Rather than having a huge cluster with a gazillion domains on it, just have a number of smaller servers, when you register a domain the control panel automatically assigns you to the latest dns servers.
That way you don't need to run complicated software and the zones don't take an age to load etc etc. When you do have an issue its isolated to a subset of all the domains registered with you rather than every domain. You can limit how many domains are on any one set of servers and upgrade them if the performance starts to take a hit. If you plan your capacity this should never happen.
The down side, a few more servers to run. Up side common kit, common components easy hardware fixes.
On the subject of using other dns servers as a backup, this would be a good option but reg-123 like many reg-123 won't allow you to do this automatically as they have disabled zone transfers and there is no option to enable it.
I guess you could manually update both but that would lead to a situation where at best your dns looks (even if it isn't) out of synch.

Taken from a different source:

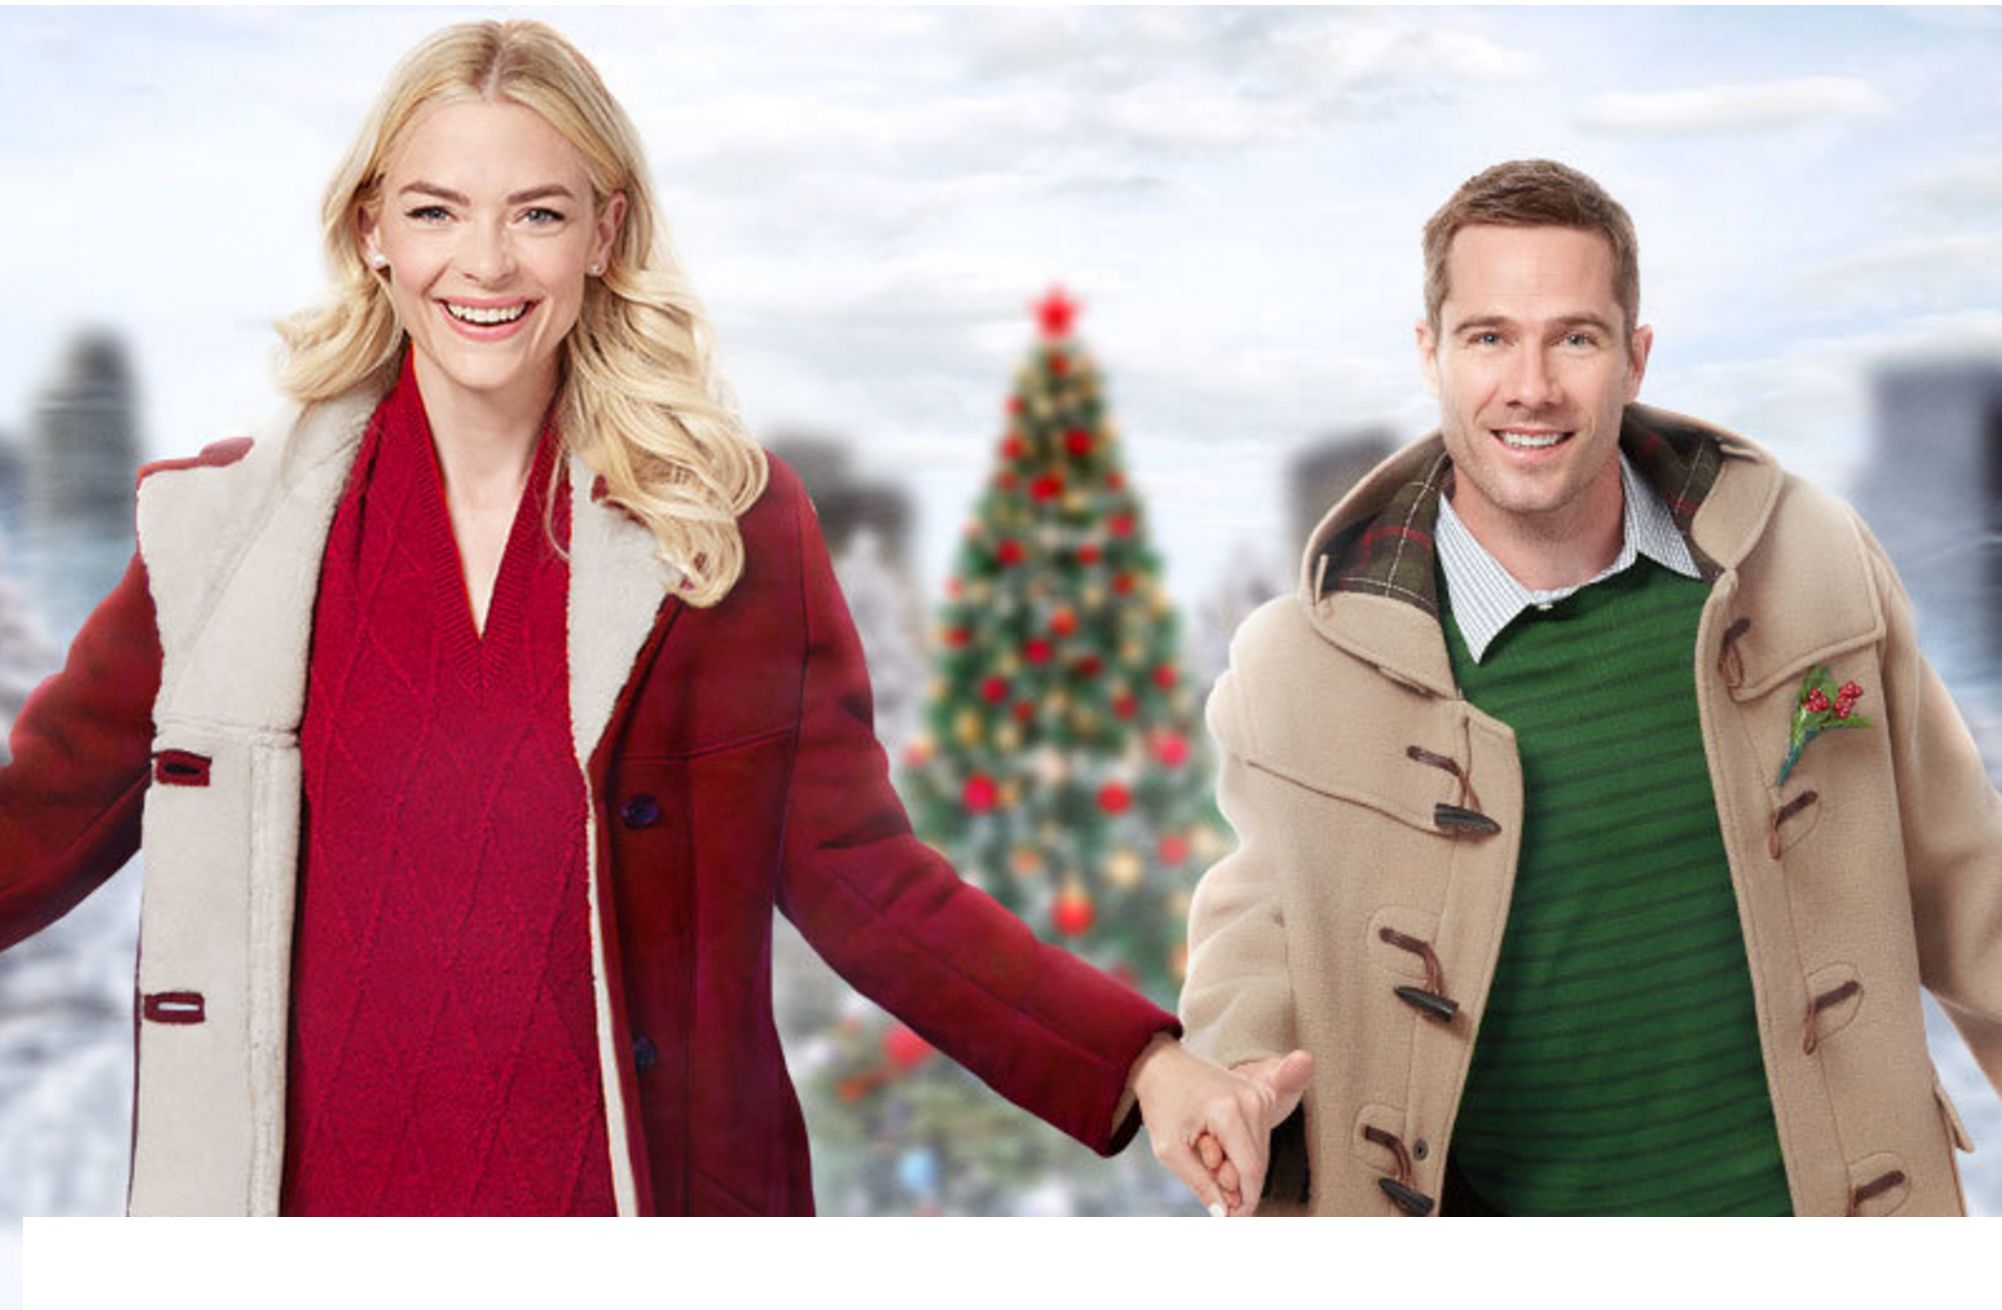 The Hallmark Christmas Movie Party Game You've Been Waiting For.

I migrated all my domains from reg-123 a while ago once pipex took over and it started going down hill, there was just one too many cockups so I bit the bullet and moved elsewhere (domainmonster.com as it happens).
As for "Whine Whine, Whinge Whinge" By Graham Wood you say you haven't been affected, of course not as you state you run your own dns servers so it would not affect you.

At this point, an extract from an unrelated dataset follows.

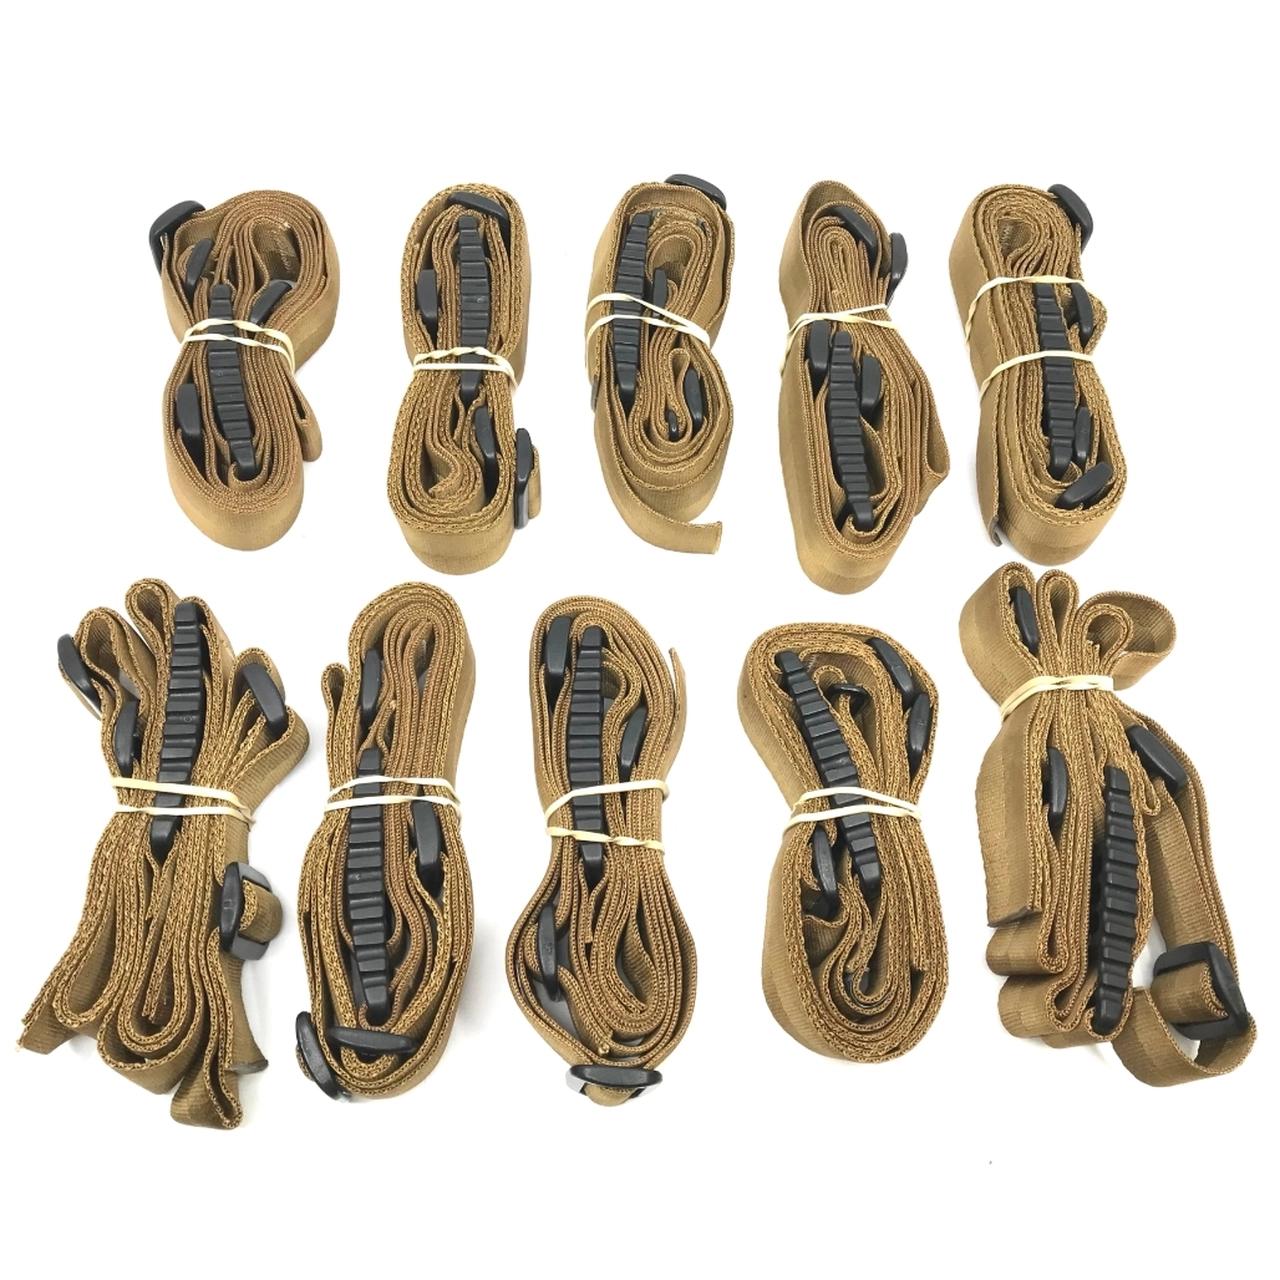 Open Box Govt. Contract Overrun Two Point Sling Lot Of 10 Pcs. Coyote Tan - $49.98 (Free S/H over $100)

Unfortunately not everyone is as lucky or perhaps didn't realise the importance of dns servers. Perhaps this is a wake up call for many. Its pointless spending thousands on your web site and advertising and then losing your business for the sake of a few pounds spent on some decent dns servers run by a company who provides reasonable support, monitors its kit correctly and can fix things in a reasonable time frame.

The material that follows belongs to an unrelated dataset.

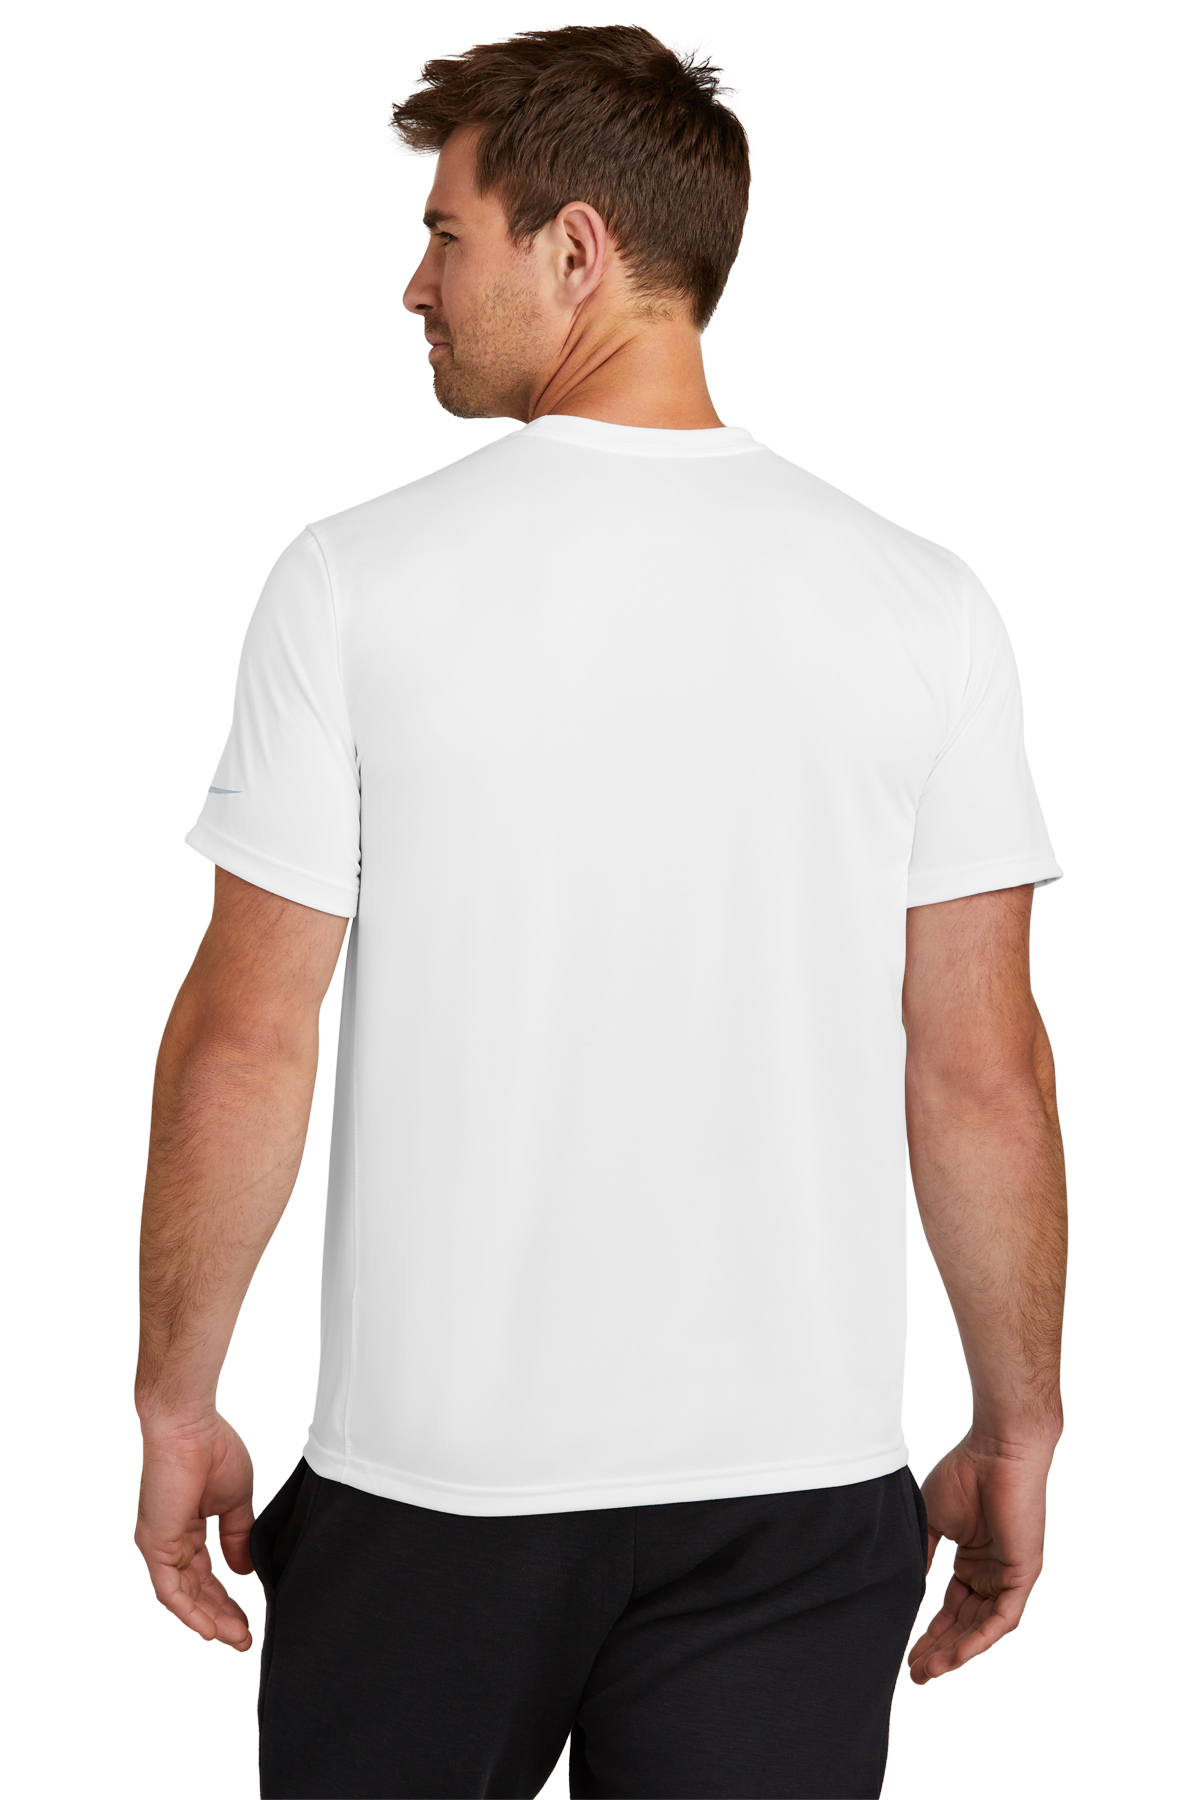 NEW Underarmour Dri Fit T-Shirt (tags removed)

A few pointers for anyone looking for a new dns provider.
Ensure they have at least 2 dns servers, preferably 3. At least one should be in a different location/data center. Ensure the dns servers are in the country you expect, many so called uk providers are actually hosted in the US which means slower lookups and more chance of problems due to network issues.
If you are also using them as a registrar also check if it costs to transfer away in the event they don't work out and make sure this can be done automatically via a control panel without their intervention. If its costs money or you can't do it online yourself then avoid them.
Finally check your dns by using someone like dnsreport.com whenever you change it to make sure its working correctly. We regularly get customers querying alerts we send them and when we check their dns setup we generally find it is not totally valid. The most common mistake is different name servers specified at the root servers to those in their own name server records.